Move First, Think Later is a compilation of the author's refreshing and unorthodox views on chess in relation to didactic practices, philosophy, psychology, neurology, statistics and so on.

Hendriks spares none, including himself, resulting in a pleasant reading experience on some serious topics. Can't say I always agree, but it sure made me re-evaluate many of the opinions and 'beliefs' I hold, having taught chess as a profession for over ten years.

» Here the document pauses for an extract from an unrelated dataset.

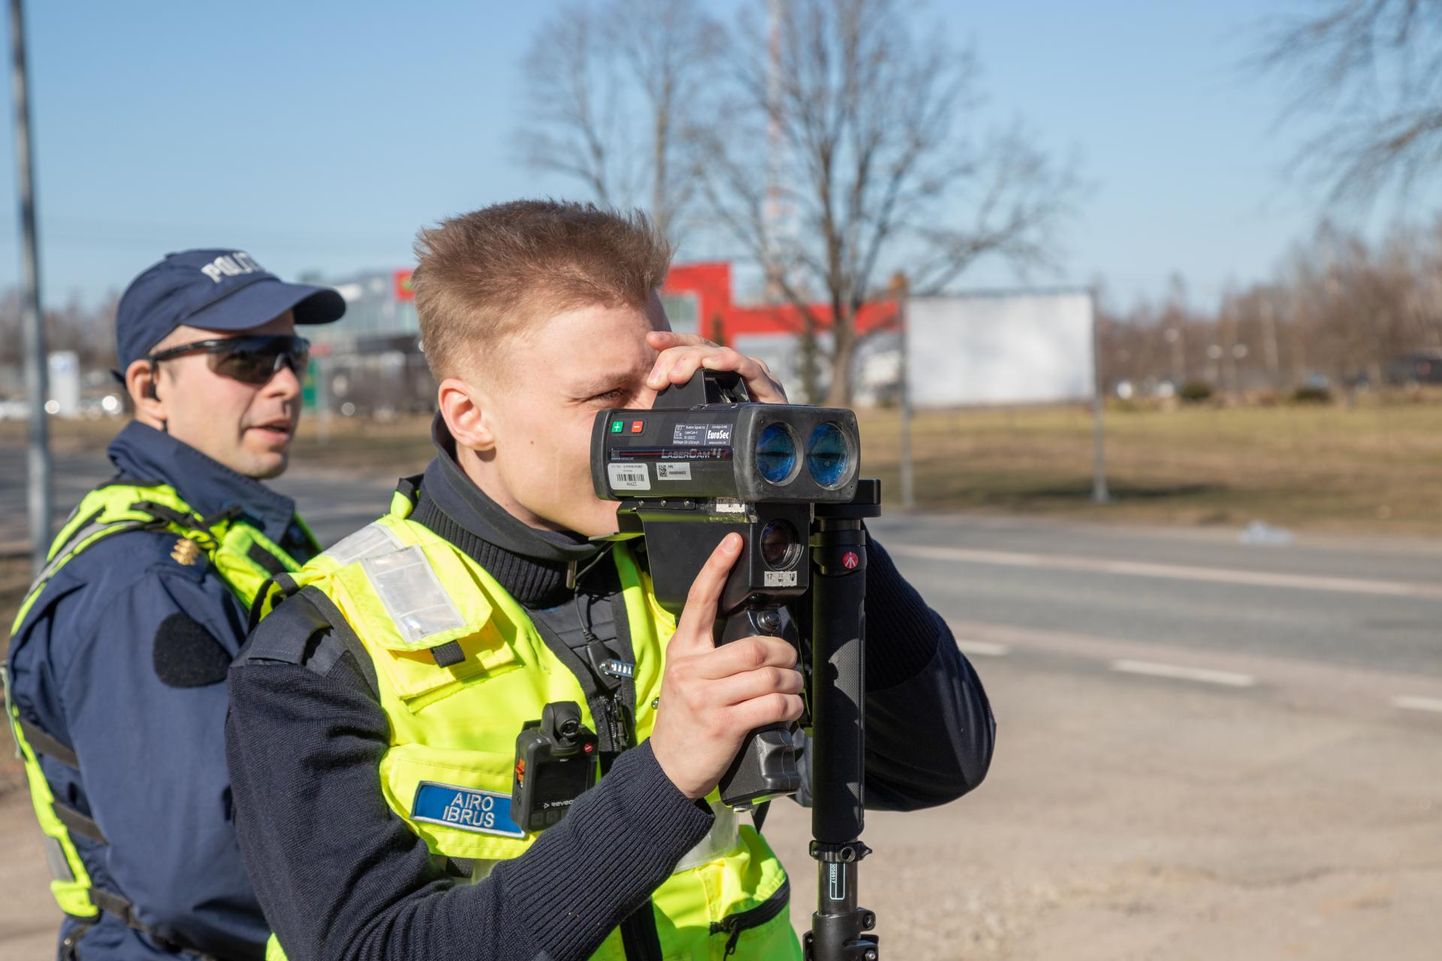 Eile päeval kella nelja paiku mõõtsid politseinikud Airo Ibrus (esiplaanil) ja Alar Sadam kiirust Viljandi piiril Tallinna maantee ääres.

An example of Hendriks' writing style on a lighter, but very familiar topic, a chess player's habitual time trouble:

"Regarding 'real-life' addictions, like drinking or gambling, you could say that the attempts to deal with them are not always a complete success (to put it very mildly). Are chess players more successful in fighting their addiction?
Books with advice on this matter offer no research results to prove their effectiveness. As noted before, in chess literature, deriving claims from empirical tests is not priority number one.
I am curious what a study on 'kicking the habit of exorbitant use of thinking time' would reveal. I wouldn't be surprised if it showed little or no success. When I look around me in the tournament hall, I see the same guys struggling with the clock as twenty years ago. And if I speak to them about it, they tell me that they 'really should do something about this time pressure' just as they told me twenty years ago. I'm not laughing at them; unfortunately, I'm a member of this club!"